Building work was started on Bailbrook House in 1790 by John Eveleigh for wealthy lawyer Dr Denham Skeet. However, due to the impact of the intervening wars, building was not completed until the early part of the 19th century.
Over the years the mansion house has been owned and lived in by many wealthy people, with one tenant being Lady Isabella King, who devoted her time to charitable and benevolent work, notably helping street beggars to ‘save the innocent and the unprotected from the dangers attendant on idleness and poverty.’
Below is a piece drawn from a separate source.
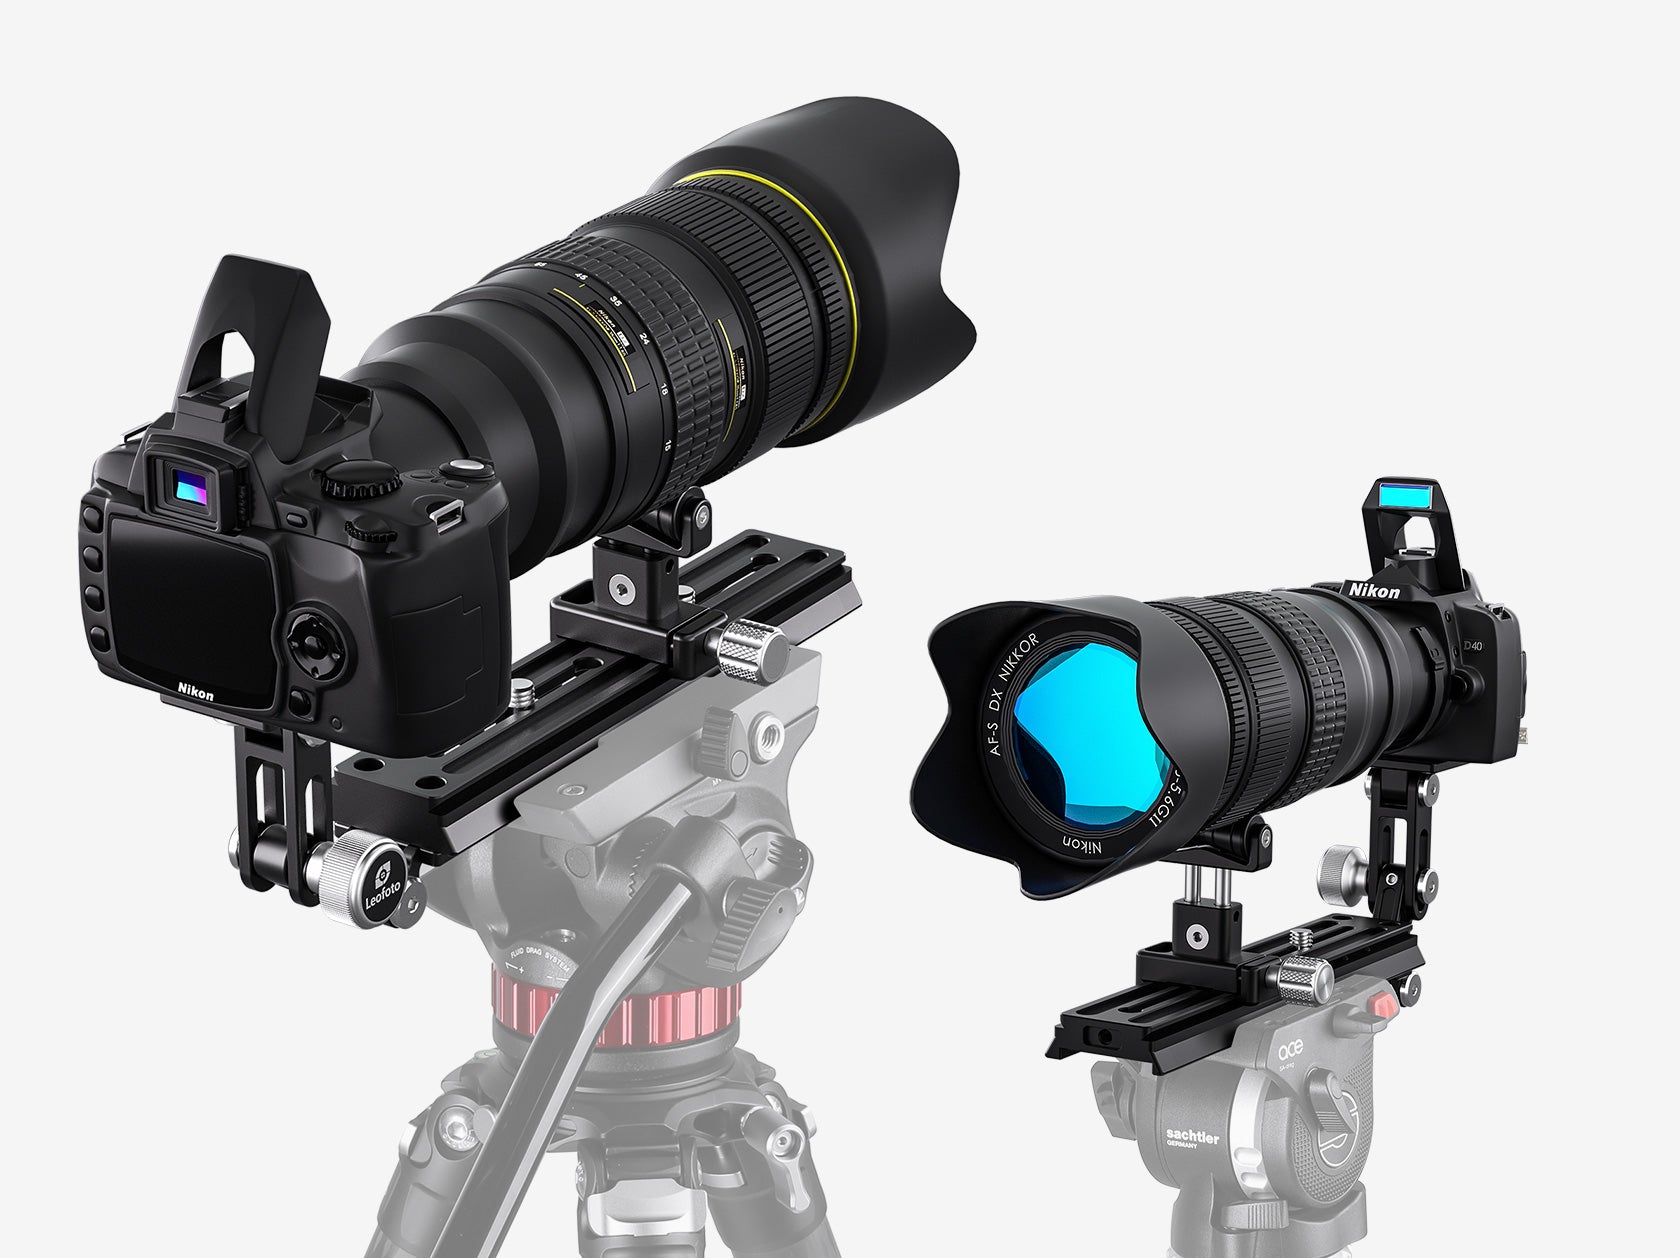 Leofoto VR-220Kit Updated 220mm Dual Pivot Long Lens Support for Manfrotto/ Sachtler Tripod Head

Initiatives included a knitting school and a button-making school for children and a widows of the armed forces. The charity was honoured in 1817 when Queen Charlotte visited Bailbrook House with her son the Duke of Clarence, who later became King William IV.
Amongst other patrons and visitors were three bishops, two duchesses, two marchionesses and William Pitt the Younger, who often stayed at the house.
A new extension was built in the 1970s by the Post Office, which converted the buildings to a training college and subsequently a college for air traffic controllers.
In 2012 Hand Picked Hotels purchased Bailbrook House, a grade II listed property, along with Bailbrook Court and 20 acres of private grounds. In 2013, the original mansion house was restored and refurbished, along with full refurbishment of Bailbrook Court.